- Directed by: Toyin Abraham
- Written by: Toyin Abraham
- Story by: Toyin Abraham
- Produced by: Toyin Abraham
- Starring: Toyin Abraham; Mike Ezuruonye; Tana Adelana; Jemima Osunde; Efe Irele; Enioluwa Adeoluwa;
- Edited by: Areo Abraham Temitope;
- Distributed by: FilmOne Distributions
- Release date: 19 December 2025;
- Country: Nigeria

= Oversabi Aunty =

2025 Nigerian comedy drama film

Oversabi Aunty is a 2025 Nigerian comedy drama film produced and directed by Toyin Abraham in her directorial debut. The film stars Abraham alongside Mike Ezuruonye, Jemima Osunde, Enioluwa Adeoluwa, Toyin Afolayan, Efe Irele and Tana Adelana. It was theatrically released on 19 December 2025 and distributed by FilmOne Entertainment.
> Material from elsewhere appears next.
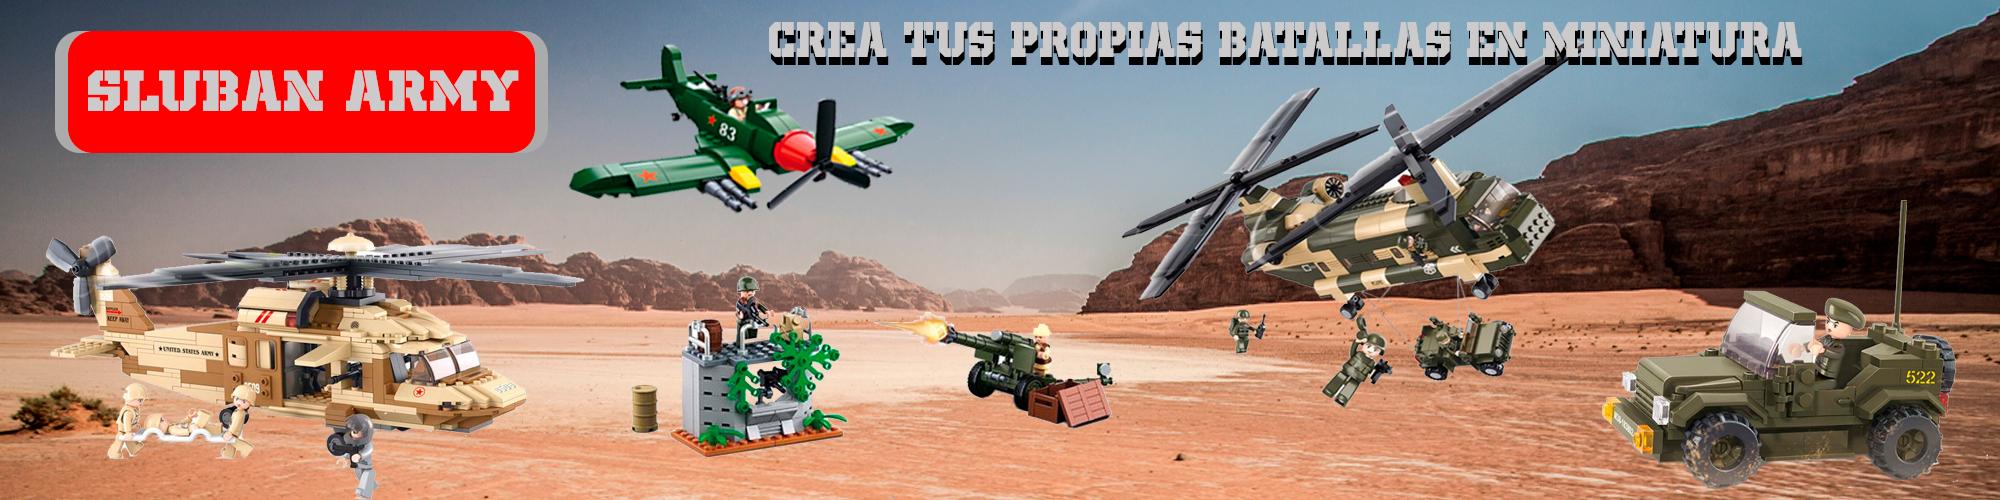 Imagen de juguetes sluban army - crea tus propias batallas en miniatura por Estrella militar
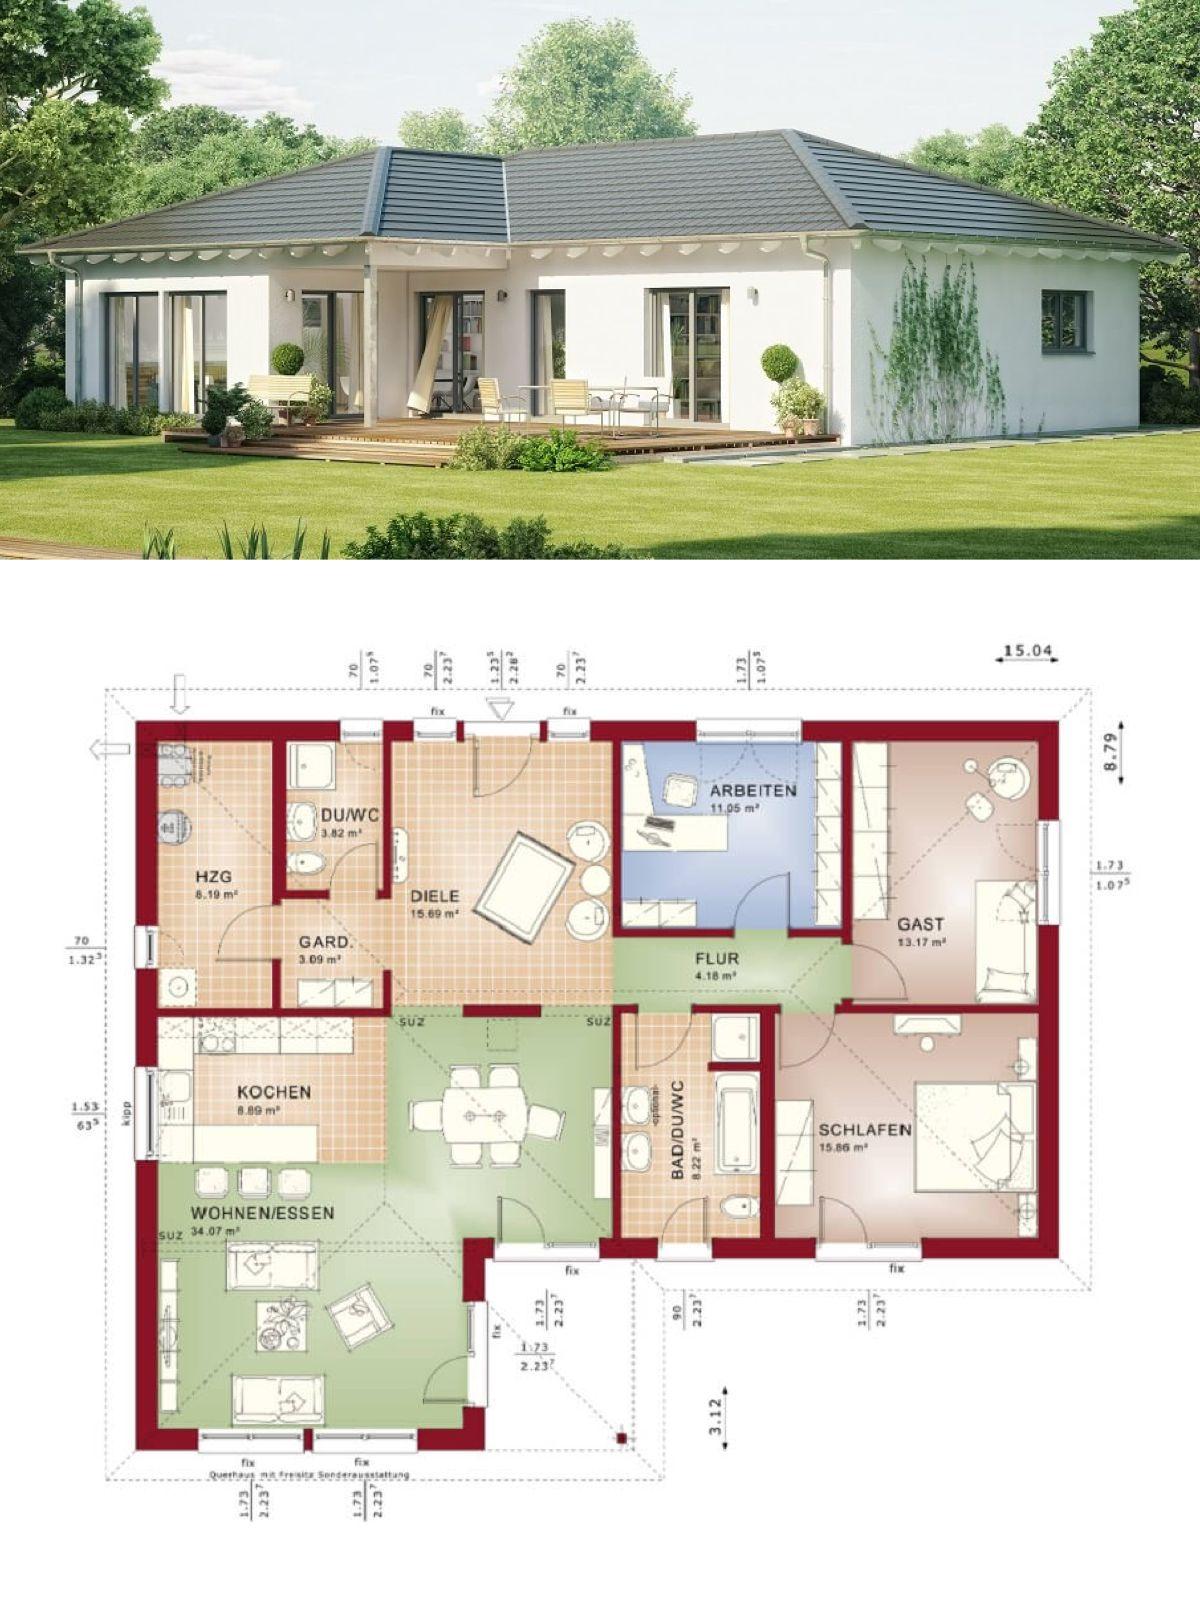 klassischer winkelbungalow mit walmdach architektur grundriss bungalow haus evolution 111 v3. Black Bedroom Furniture Sets. Home Design Ideas

The film became the first directorial debut in Nollywood history to gross over ₦1 billion at the Nigerian box office. It is also among the highest-grossing Nigerian films of all time.

== Plot summary ==
Oversabi Aunty follows Toun, a church usher whose devotion to church activities is overshadowed by her obsession with judging and correcting others. Married to Chidi, she lives in a culturally blended Yoruba–Igbo household with their four children: Seyi, Aderoke, Timitope, and Chuka. Despite her outward display of moral authority, Toun neglects her responsibilities at home, creating emotional distance and unresolved tensions within her family. The introduction of her first daughter, Seyi soon turns into chaos and Toun is now forced to confront the chaos she created.

== Selected cast ==
- Toyin Abraham as Toun
- Mike Ezuruonye as Chidi
- Tana Adelana as Achalugo
- Jemima Osunde as Ada
- Enioluwa Adeoluwa as Chuka
- Efe Irele as Seyi
- Aliyat Olamide as Tope
- Queen Nwokoye as Aunty Rose
- Bianca Ugo as Aderonke

== Release and distribution ==
Oversabi Aunty premiered at Filmhouse IMAX Cinema, in Lagos, on 14 December 2025, followed by its UK release on 19 December where it grossed £16,205 in its opening weekend. The National Film and Video Censors Board (NFVCB) presented Abraham with the box office champion award for grossing over 1 Billion Naira at the Nigerian box office.